The Orthodox Church is particularly fond of what are considered acheiropoietic images, made without the intervention of the human hand. The most interesting of these are artefacts such as the Veil of Veronica, the Shroud of Turin or the so-called Mandylion, a cloth that Jesus was said to have imprinted with his own features while still living and that he sent to heal the king of Edessa. This image served, in later centuries, as a powerful rebuttal of the iconoclastic claim that images contravened the Second Commandment.
In the Renaissance, the idea that an image could make itself, so to speak, by direct projection on to a painted surface, was given a new and quasi-scientific plausibility by the theory of perspective. If a painting could be considered as an intersection, at a given distance from the eye, of the pyramid or cone of vision, then in principle it could be virtually present on a sheet of glass or a fine muslin veil held at that point in space. All that remained, in theory, was to trace the image on that veil or sheet of glass, and such devices are in fact extensively discussed and illustrated in early treatises of art theory.

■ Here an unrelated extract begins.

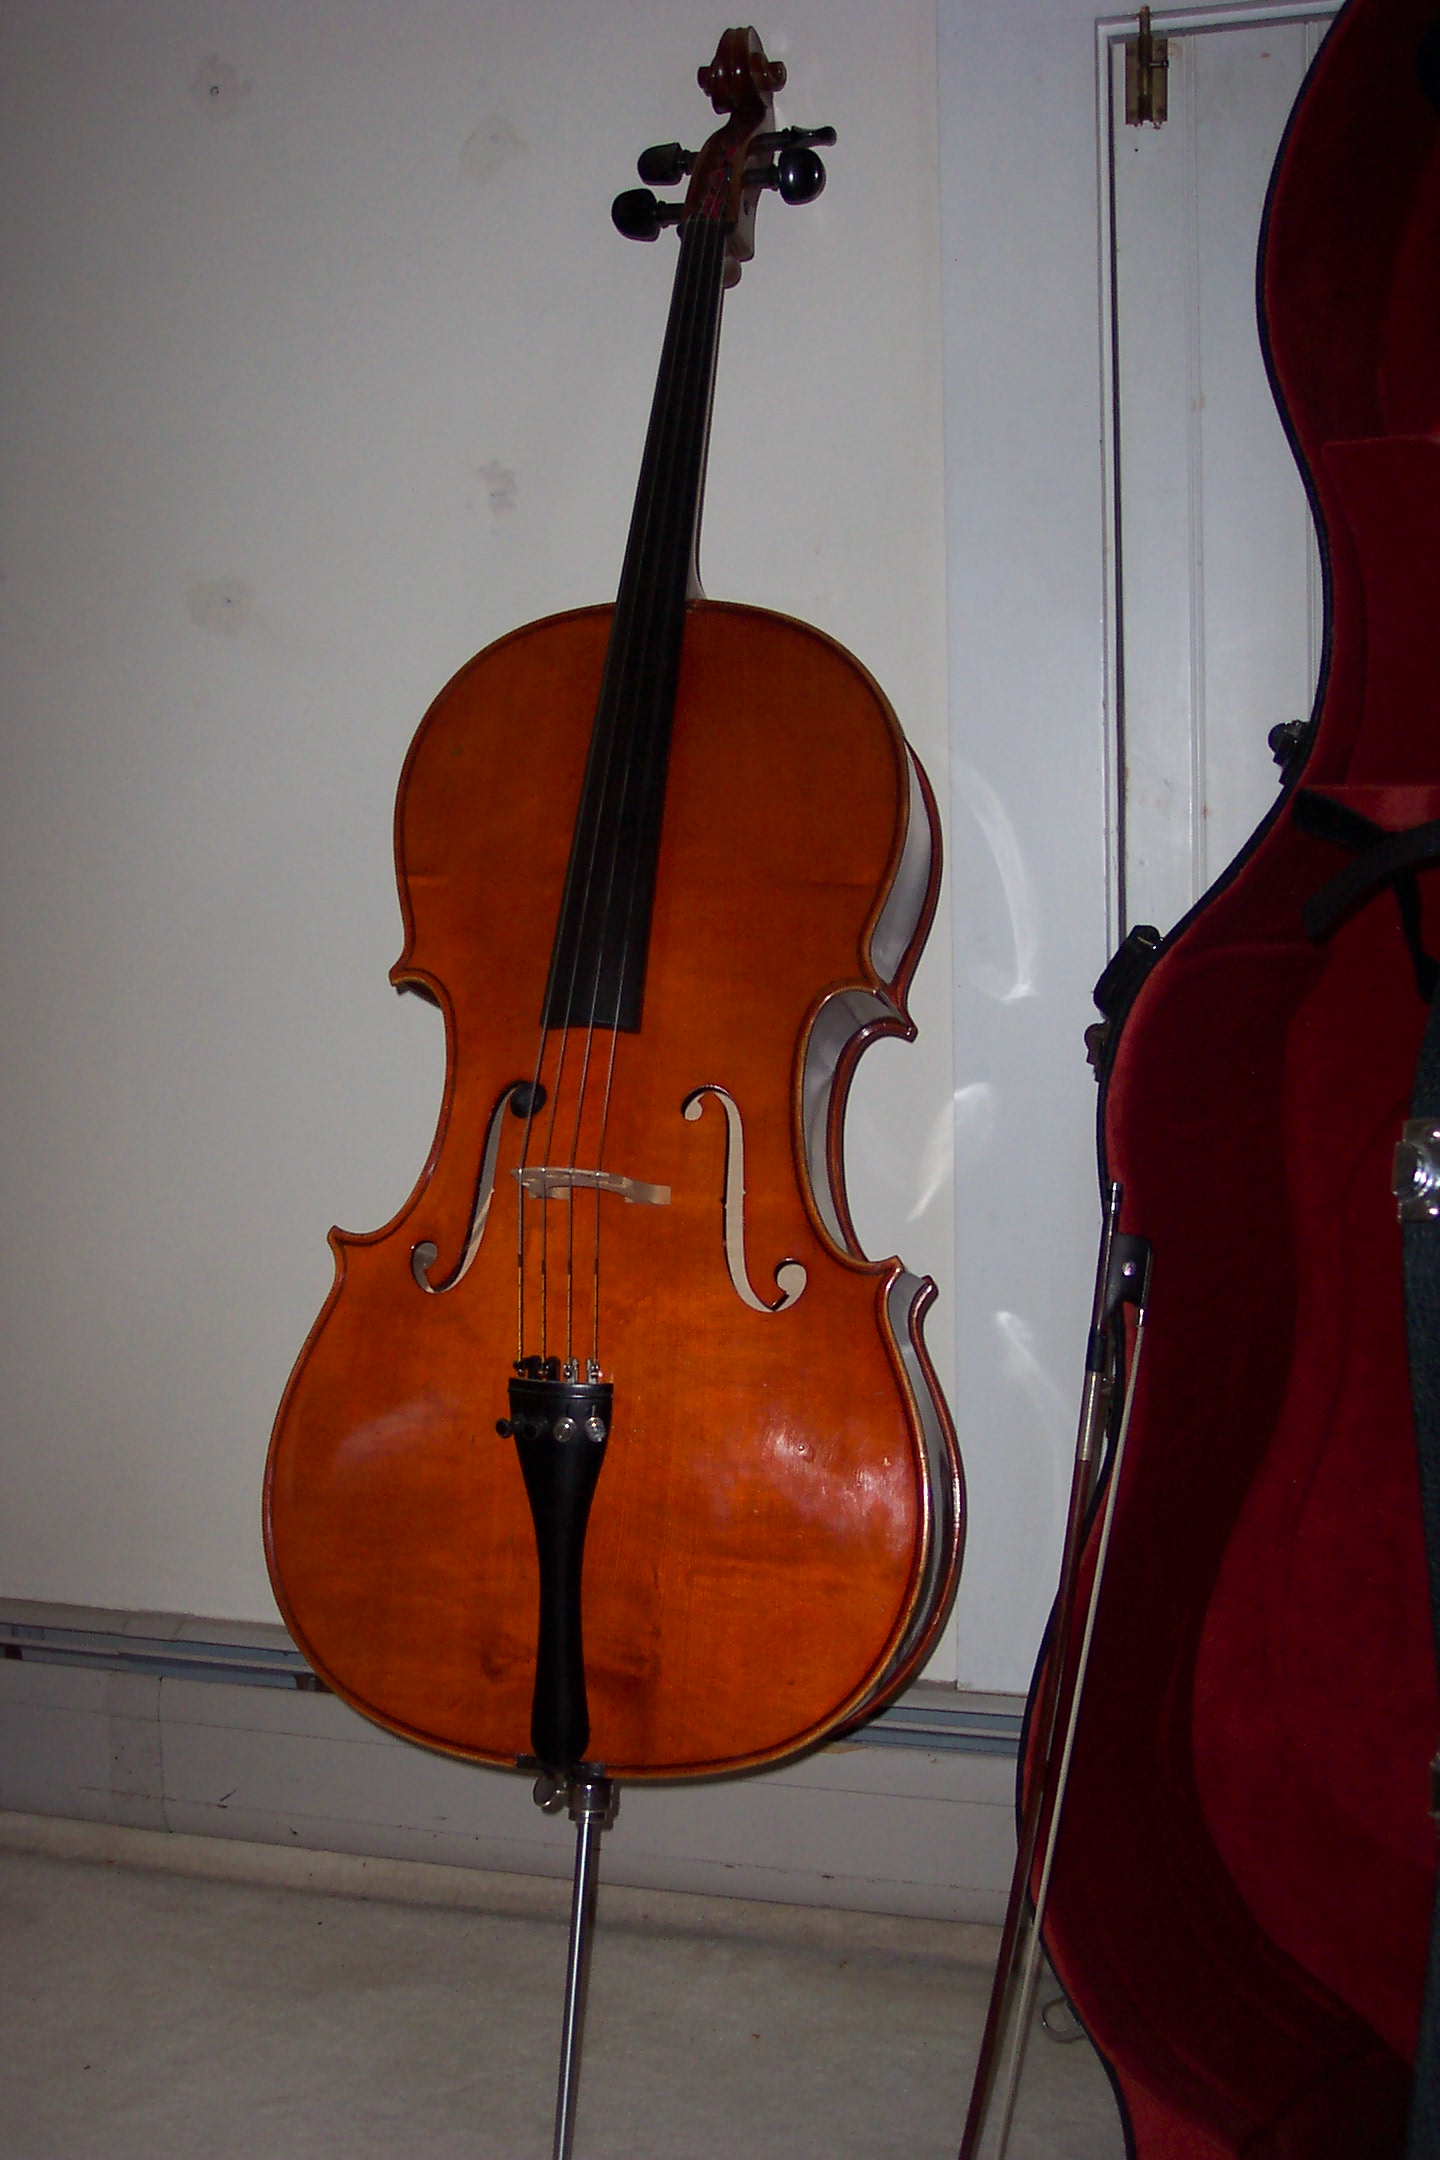 1979 Horst Grunert Full size Cello - excellent condition
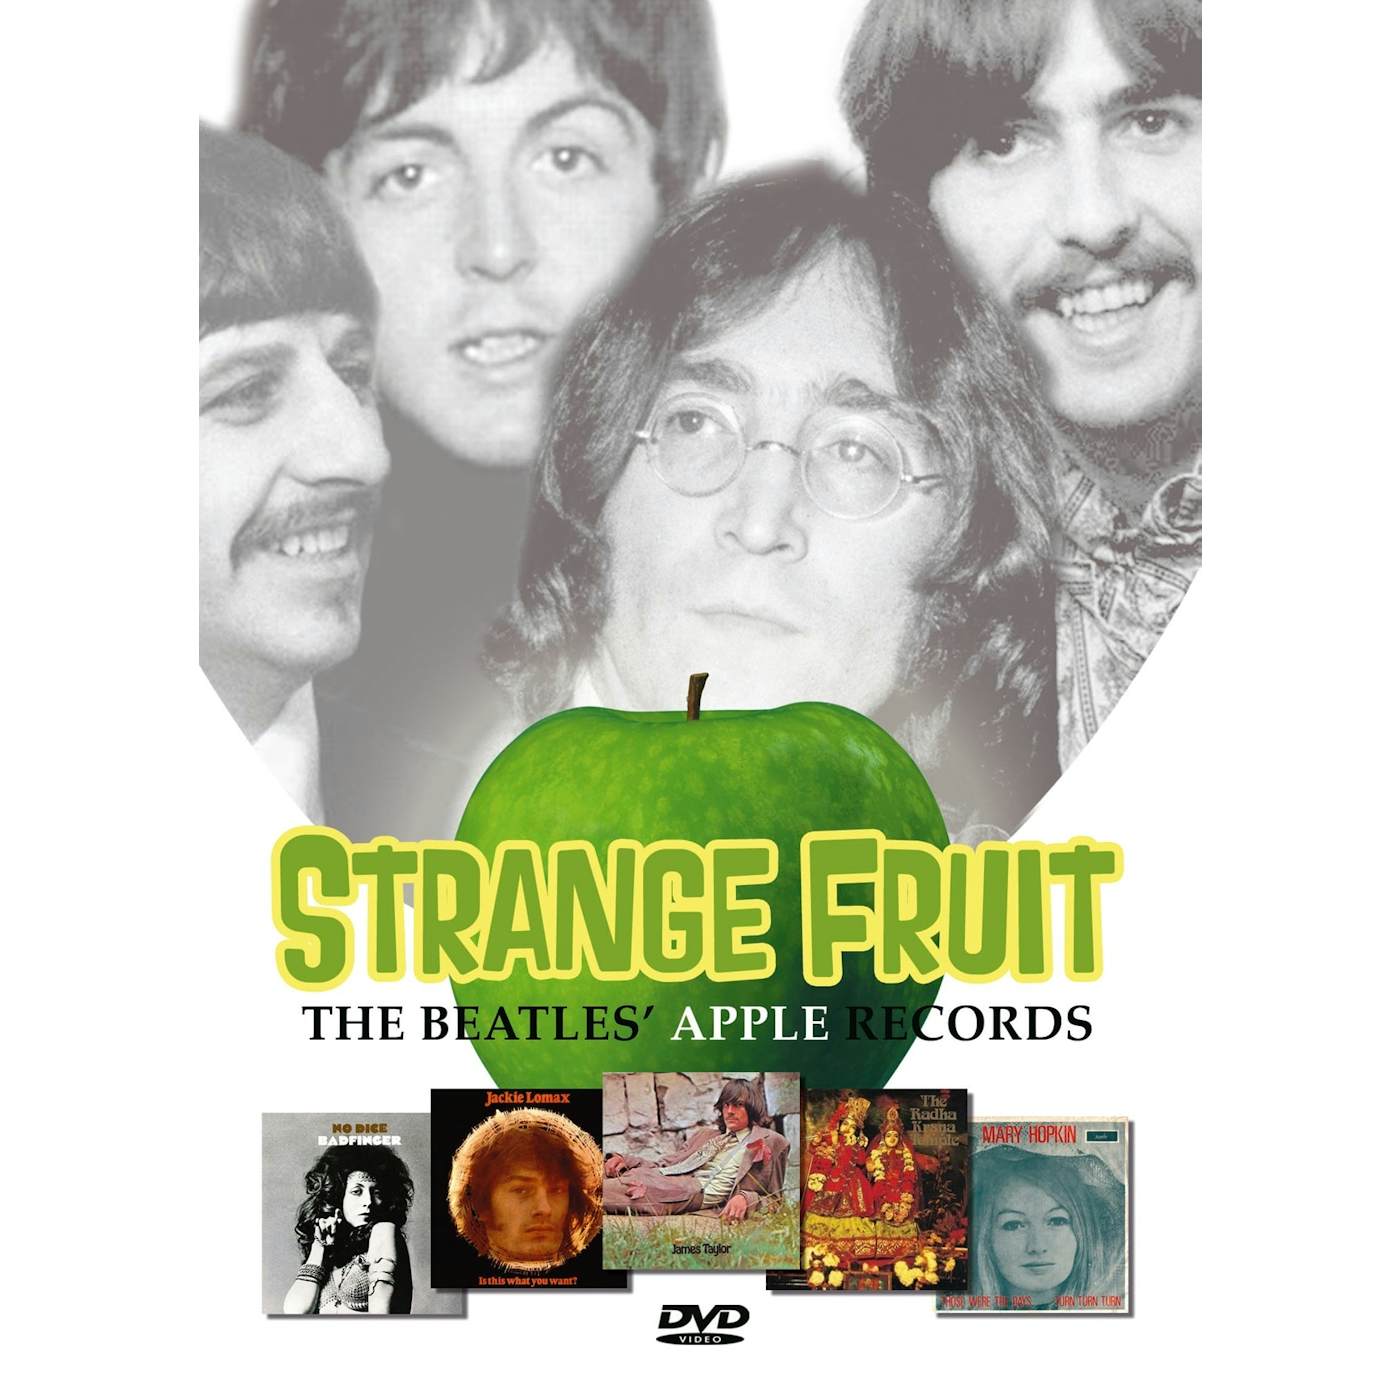 Beatles DVD - Strange Fruit - The Beatles' Apple Records

But neither these devices nor the even more misunderstood camera obscura made the process easy. It was only with the late 18th century camera lucida, used by Ingres, that something like tracing the motif became possible, though even then it would be of little use to any but a highly skilled artist. The 18th-century craze for silhouettes also led to the invention of another device that allowed the shadow of a sitter’s profile, cast by back lighting, to be traced on a sheet of paper.
In this way, as it has often been pointed out, much of what we might consider the theory and optics of photography had fascinated artists for centuries before advances of chemistry in the late 18th century led to the discovery of chemical treatments of paper that finally would allow the world to imprint itself directly on to a flat surface. Thus photography was anything but a random technological breakthrough: it was the fulfilment of what had been a dream for centuries.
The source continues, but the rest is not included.